Though you have retweet count, you do not appear to have the retweet field. We need to see if a particular tweet is a retweet, or which portion of the tweet is a retweet.
yep. i'll do this. in most cases, the data types will be pretty obvious, i assume. i'll ping you if i see ambiguity.
and i will store created_at as a Long, corresponding to Unix epoch. that will take up less space than a string and allow easy computation of things like recency priors. make sense?
On Wed, Apr 17, 2013 at 12:19 PM, Jimmy Lin notifications@github.comwrote:
Hi Miles,
I think these are all reasonable fields to throw into the index. I've assigned this task to you? We need to see how big the index becomes...
Thanks!
— Reply to this email directly or view it on GitHubhttps://github.com/lintool/twitter-tools/issues/26#issuecomment-16519667 .
Miles Efron Assistant Professor Graduate School of Library and Information Science University of Illinois, Urbana-Champaign
sgtm
@dpmccul that's right, what we need to extract is the retweet count of retweeted status (tweet.retweet_status.reweet_count) . Tweets from streaming API are just published and thus have low chance to be retweeted. @hussam123 comments, followers and friends are not available through Streaming API. You can use Twitter REST API (Rate Limited).
Seems that lang attribute is not available for all tweets in Tweet2013 dataset (see https://dev.twitter.com/blog/introducing-new-metadata-for-tweets)
@lintool @milesefron I updated the list of fields https://github.com/lintool/twitter-tools/issues/26#issuecomment-16518431.

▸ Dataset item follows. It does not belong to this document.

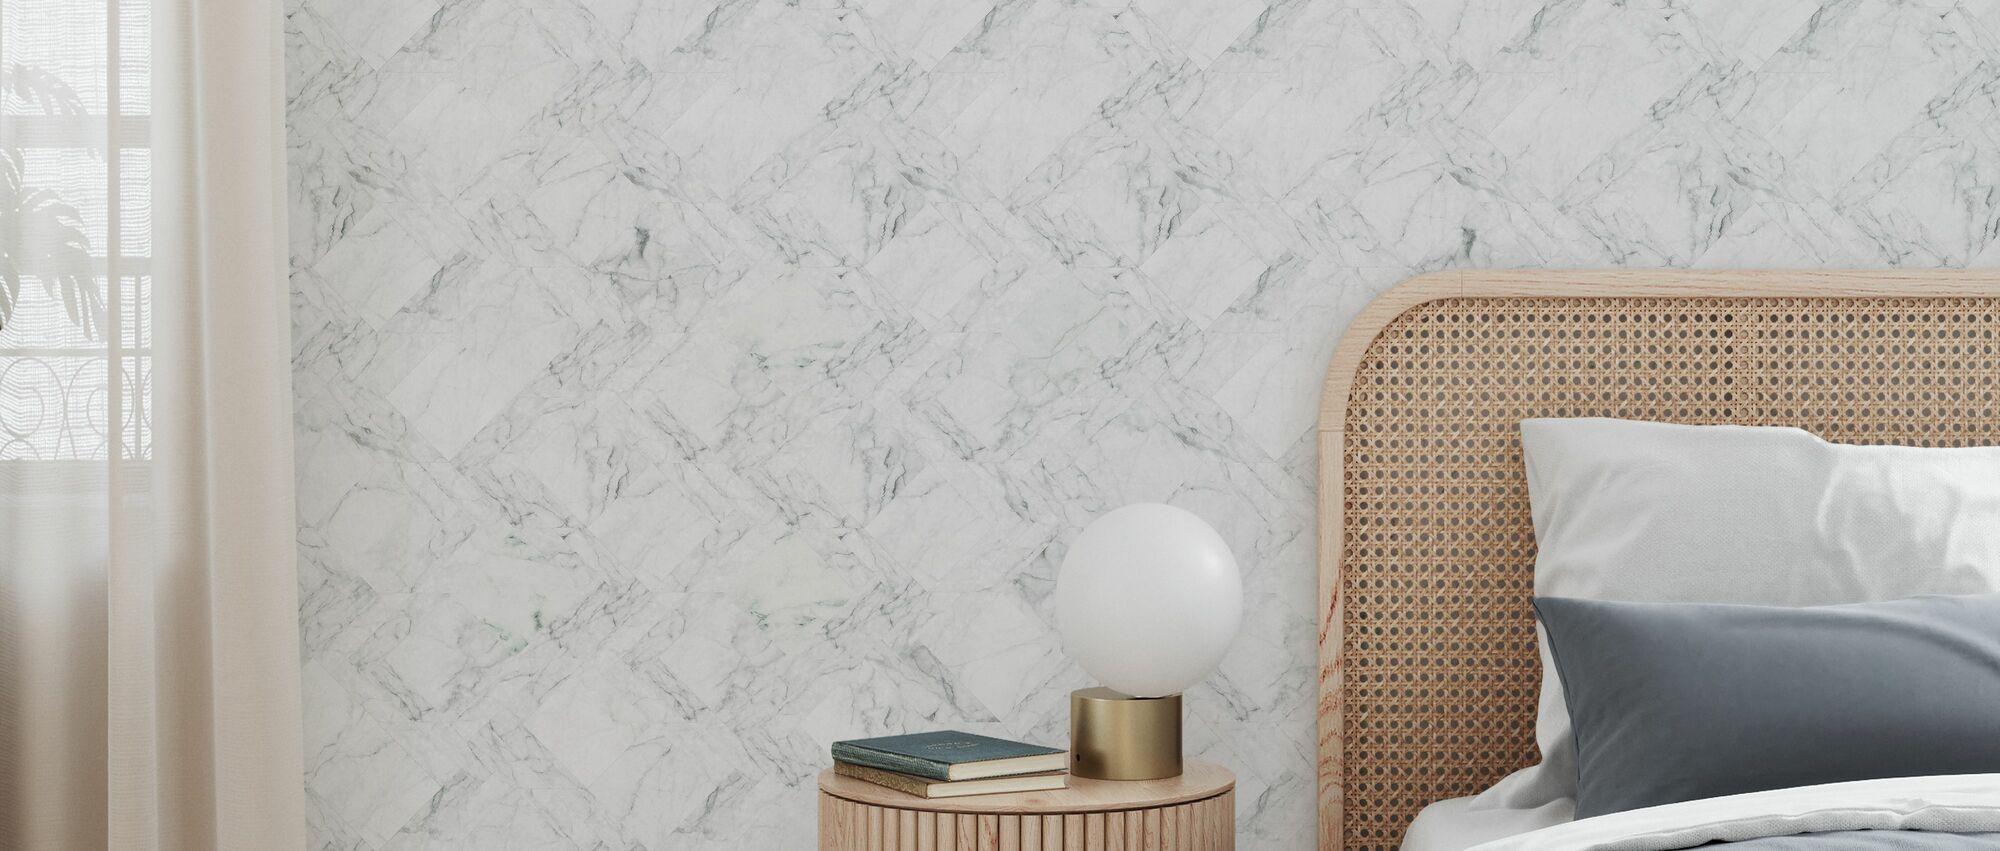 Marble Tiles - Green - Wallpaper - Bedroom

I'd like to have the following also to be indxed as fields:
Sorry if duplicated.
@telsayed If the analyzer (lucene's tokenization approach) is setup correctly (keeping preceding #'s and @'s), then you should be able to perform queries for these through the current index.

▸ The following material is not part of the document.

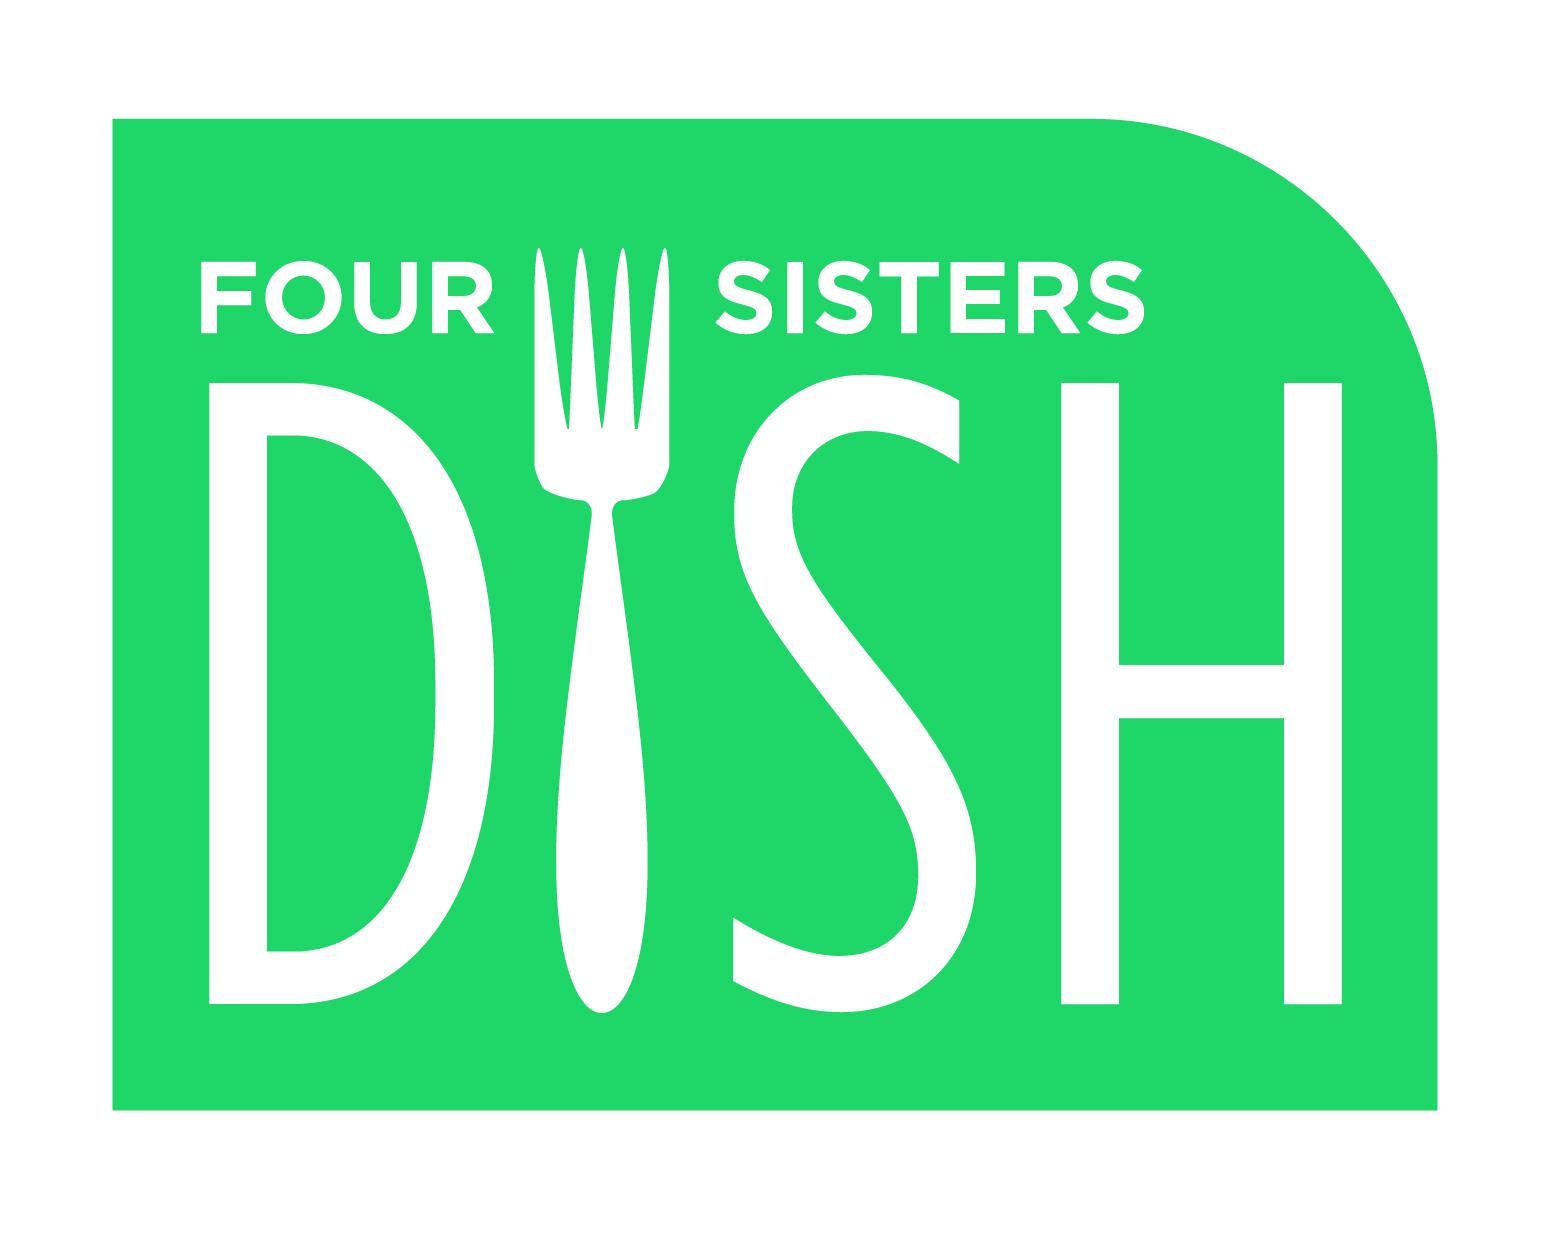 4 sisters-01.jpg

@JamesMcMinn is assigned task #23 to develop an appropriate analyzer. I will add your comments to that issue.
In the last version of API specification https://github.com/lintool/twitter-tools/wiki/TREC-2013-API-Specifications status.retweet_status.id and status.retweet_status.user.screenname have been removed.
Even though retweets are consirded irrelevant in the two last editions of TREC microblogs, these fields are helpul for social network based appraoches. I used these two fields in my trec2011 and trec2012 runs.

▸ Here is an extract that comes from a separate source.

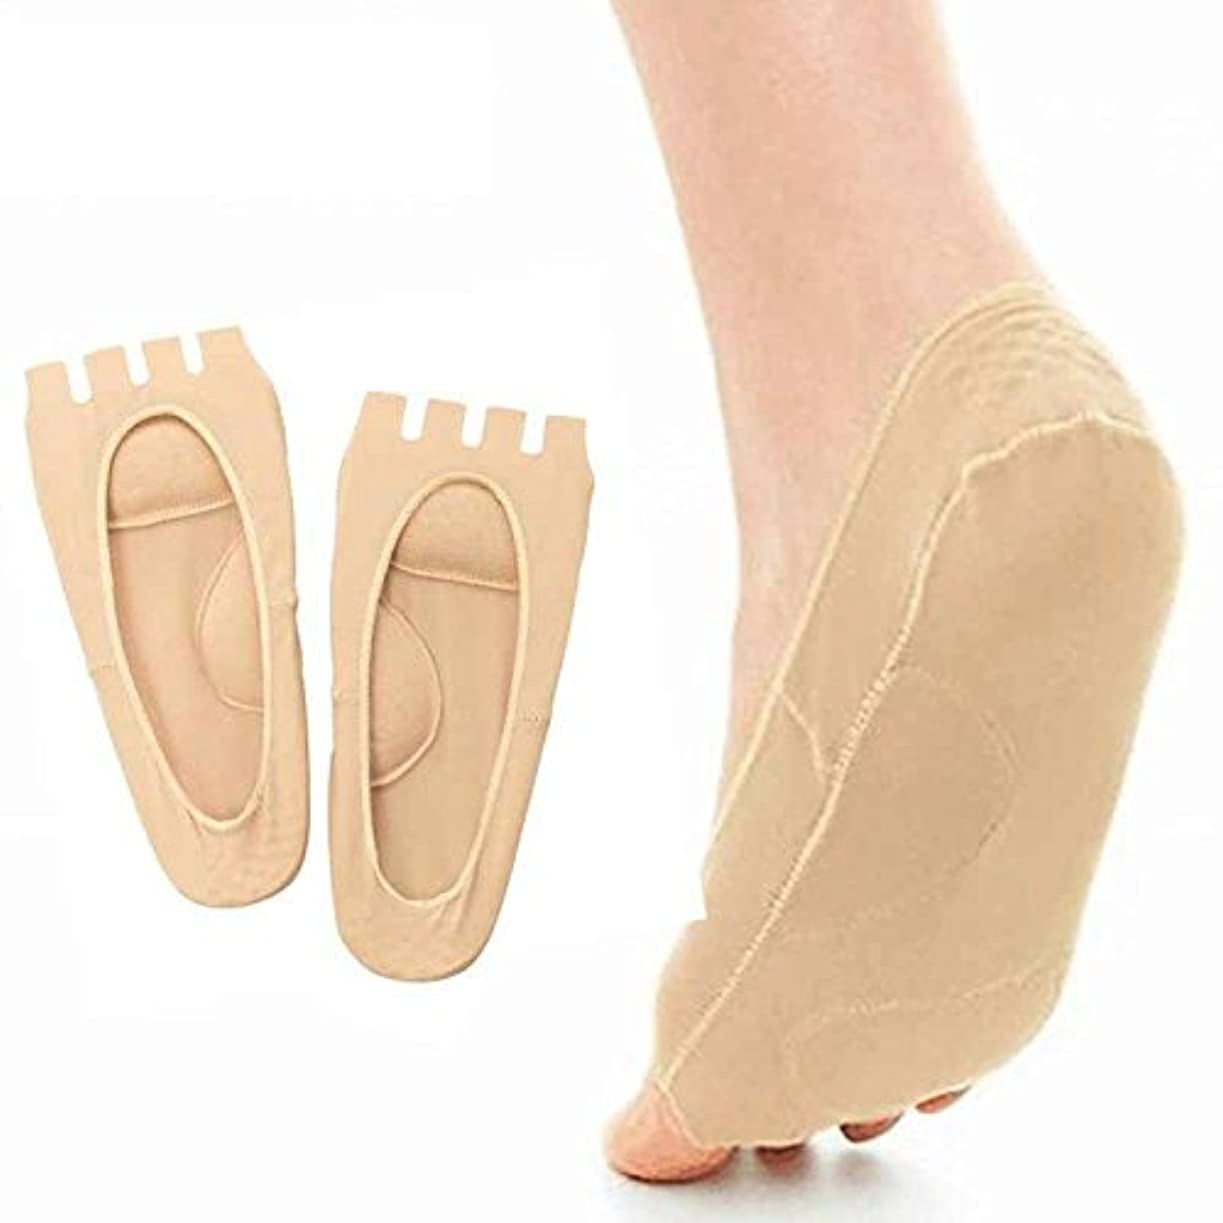 Lorny(TM) ペディキュアツールコンシーラー親指の外反母趾の足セパレータフットケアツールのソックスマッサージャーアーチサポートソックスの痛みを軽減するフット

I'll go ahead and put the retweeted_status.id and retweeted_user_id elements back in the index.
As for the screenname element, do folks need that if we're already exposing the user_id? i assumed having one would be enough. but let me know if not.
On Mon, May 6, 2013 at 4:43 PM, Lamjed Ben Jabeur notifications@github.comwrote:
In the last version of API specification https://github.com/lintool/twitter-tools/wiki/TREC-2013-API-Specifications _status.retweetstatus.id and _status.retweet_status.user.screenname_has been removed.
Even though retweets are consirded irrelevant in the two last editions of TREC microblogs, these fields are helpul for social network based appraoches. I used these two fields in my trec2011 and trec2012 runs.
— Reply to this email directly or view it on GitHubhttps://github.com/lintool/twitter-tools/issues/26#issuecomment-17510187 .
Miles Efron Assistant Professor Graduate School of Library and Information Science University of Illinois, Urbana-Champaign
Any chance we can play with the APIs? ....... Latifa Qatar University
This task has been completed and results have been merged into the trec2013-api branch.
For the moment, some few fields are avaiable through the search API:
What fileds do you need to replicate you run?